1. Technical Field - Field of the Invention
The present invention pertains to random access disk storage systems, and in particular, to system for continuous application of a lubricant to the surface of a magnetic storage disk to facilitate non-destructive start and operation of a flying head or slider.
2. Description of the Prior Art
The density of magnetic recording is inversely related to the height of the magnetic transducer above the disk surface. As a general proposition, increased storage capacity is obtainable by flying the heads closer to the disk surface. As the heads approach very closely, some contact with the disk surface is inevitable. This is particularly the case during the period of time while the disk is being brought up to operating speed and to a stop.
Lubricants have been applied to the disk surface as a part of the manufacturing process. This technique, although presenting contamination problems and potential loss of lubricant due to spin-off, has been generally adequate to satisfy requirements for prior art systems. However, as the head-disk spacing decreases and the application of lubricant is applied only during the manufacturing process is inadequate to ensure reliable performance over the life of the disk file.

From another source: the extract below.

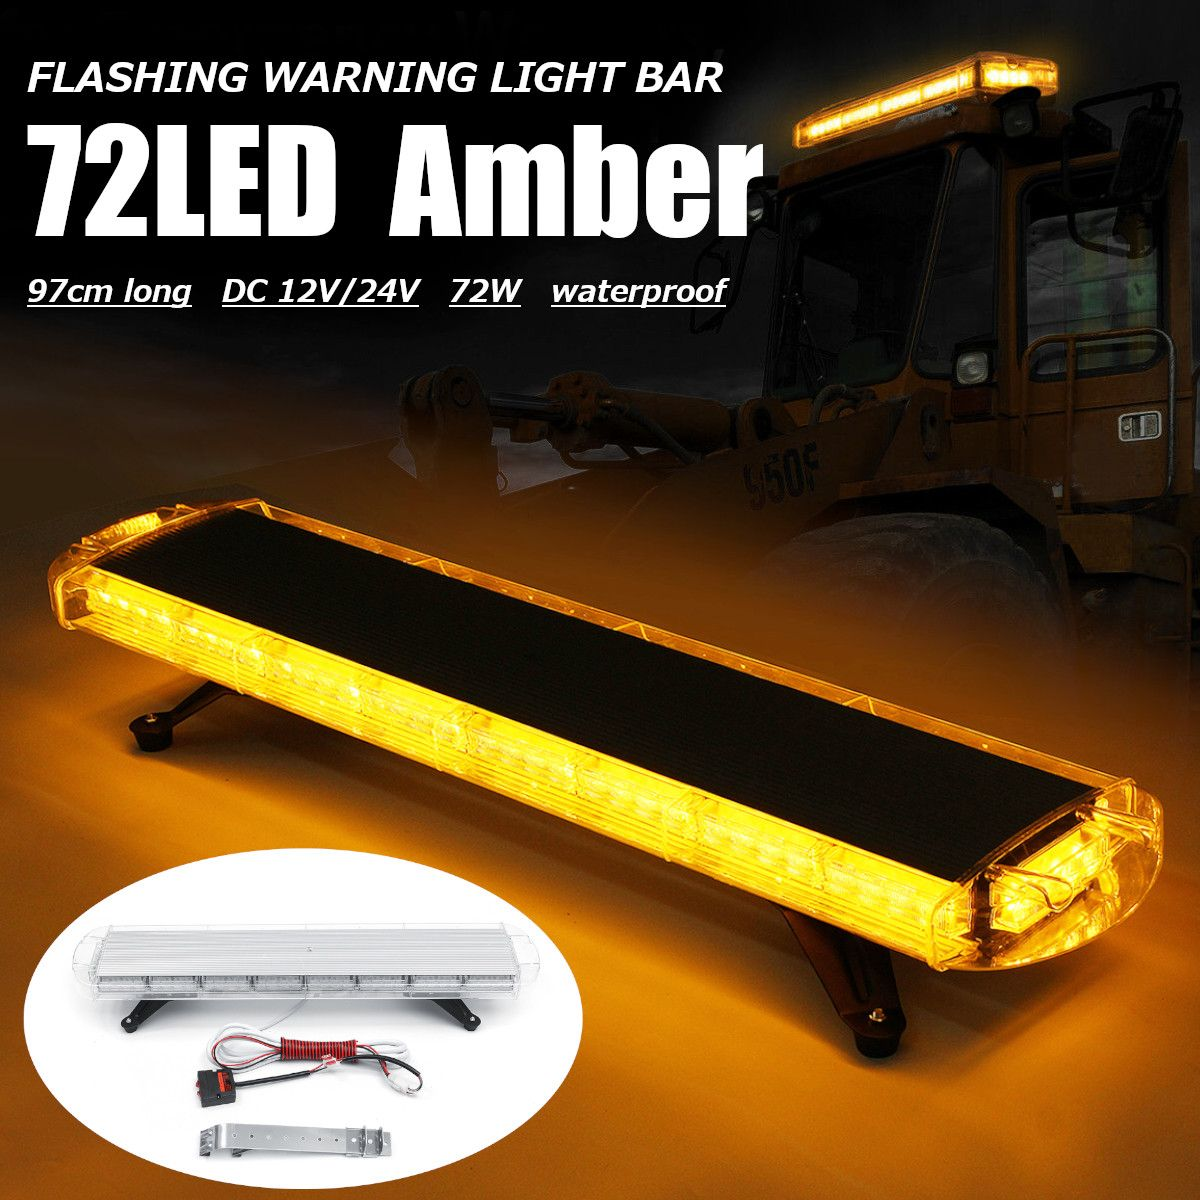 40Inch 72W 72 LED Signal Light Car Strobe Emergency Amber Lights Bar Beacon Hazard Warning Flash Lamp Waterproof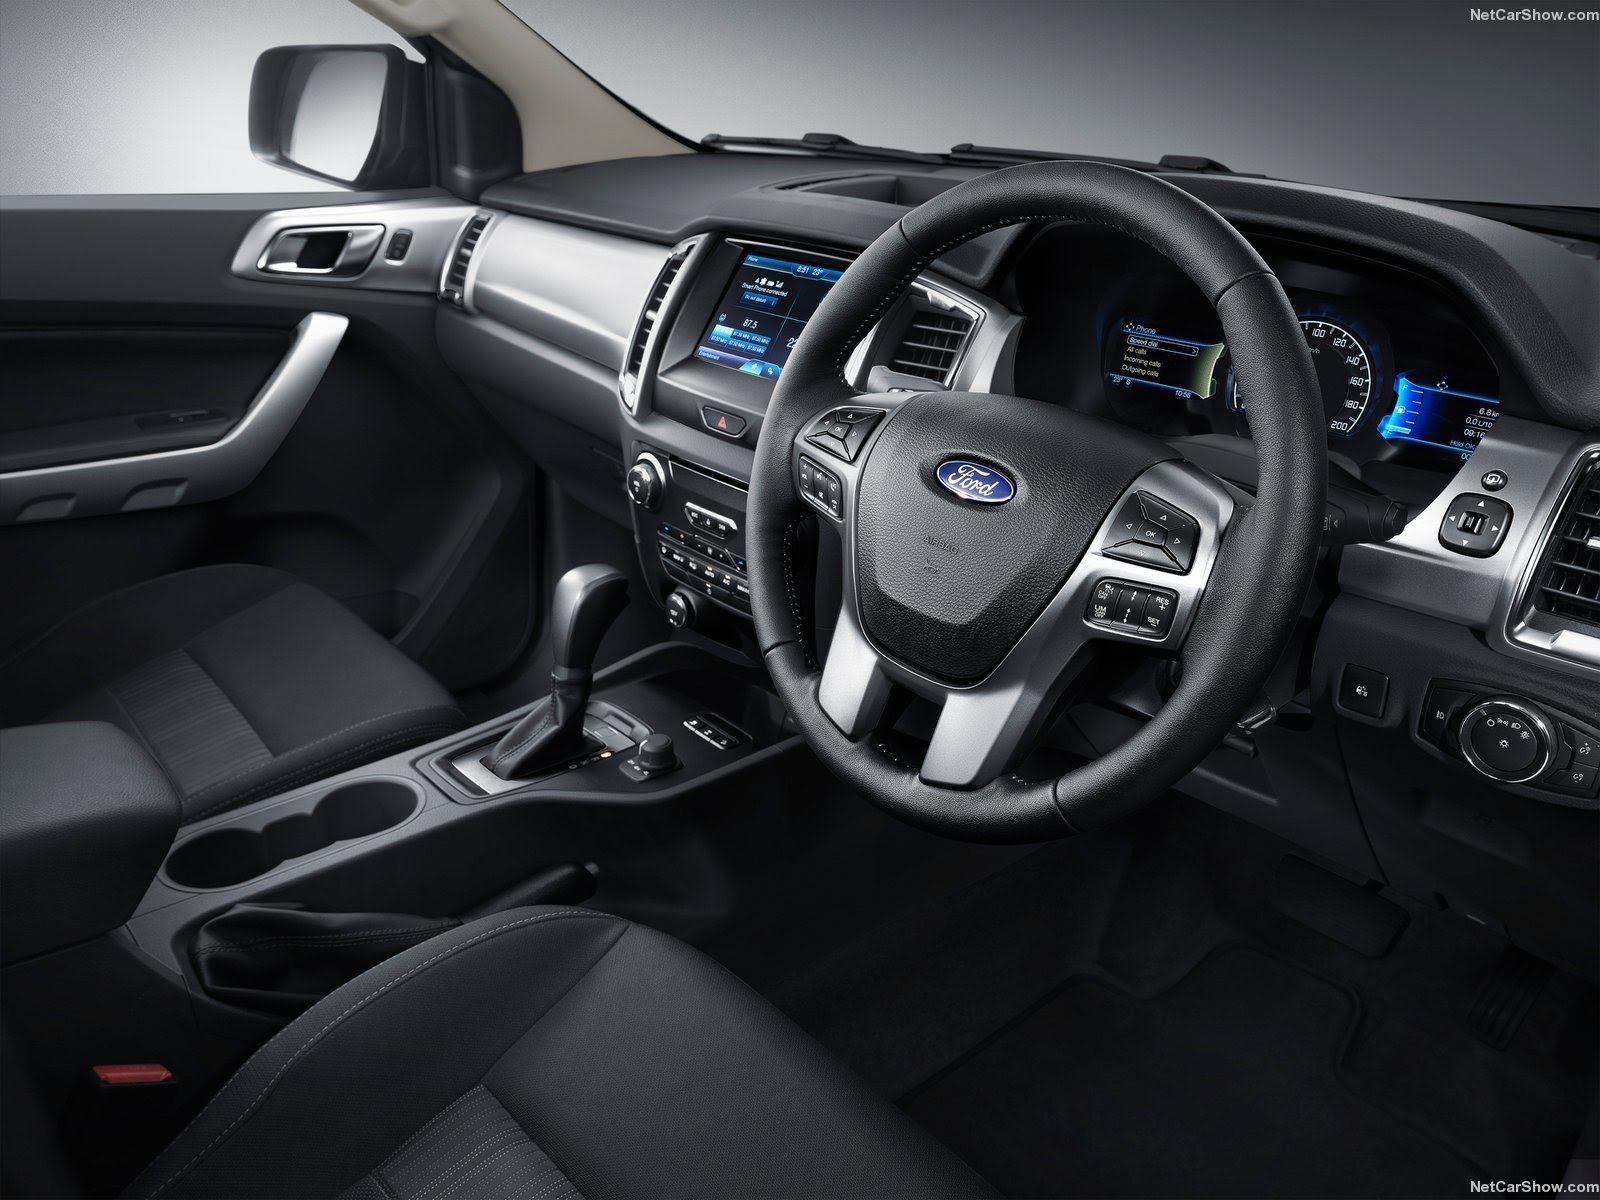 2016 Ford Ranger 3 2 Liter Duratorq 5 Cylinder Tdci Diesel Engine Ford Ranger Ford Ranger Interior Ford Ranger Pickup

The continuous application of a lubricant to the surface of the disk has been known since almost the very beginning of disk file development. For example, U.S. Pat. No. 2,969,435 "Oil Film Spacer for Magnetic Recording Device" to Lynott, issued Jan. 24, 1961, and assigned to the assignee of the present invention, shows a magnetic transducer having an oil discharge port located ahead of the flying surface of the transducer. Oil is pumped through the port to coat the surface of the disk and provide a lubricating film on which the transducer rides.
The lubrication requirements for near contact recording devices necessitates the use of a low viscosity lubricant to permit the requisite close approach of the slider to the disk surface. A low viscosity lubricant will drain away from the disk over time, and also migrate to the coolest spot in the disk drive enclosure, as a result of evaporation and condensation, which spot will be likely to be somewhere on the cover and not on the desired disk location. Because of the lubricant movement away from the point where it is needed, the lubricant dispenser must be very near the slider in the start/stop zone when the disk storage system is at rest. The main concern is lubrication under the head at the instant of start up.
Various systems for transporting the lubricant to the desired location near the slider have been considered, beginning with the pressurized reservoir and feed approach taught by the Lynott patent. Unfortunately, the complexity and resulting cost of the pressurized feed approach make it an altogether unsatisfactory approach to the current problem and alternatives have been sought. Ideally, the lubrication delivery system would not require additional power in the form of a pump. The system should not require a sequencing delay in start up to accommodate lubricant flow prior to initiating rotation. The delivery system should provide an adequate supply of lubricant from the very outset of startup.
It has been recognized that the use of a wick to convey the surface lubricant to the slider is an approach which overcomes many of the difficulties associated with other approaches. However, to adequately supply the lubricant, particularly at startup, the wick would have to be in intimate contact with the disk. Use of an applicator in intimate contact with a disk introduces contaminants to the lubricant and also adds to the complexity of the overall mechanical actuator system as the applicator has to move with the slider. This is obviously not a practical solution since such a design would be very complicated and, at best, completely subvert the very sophisticated slider suspension system.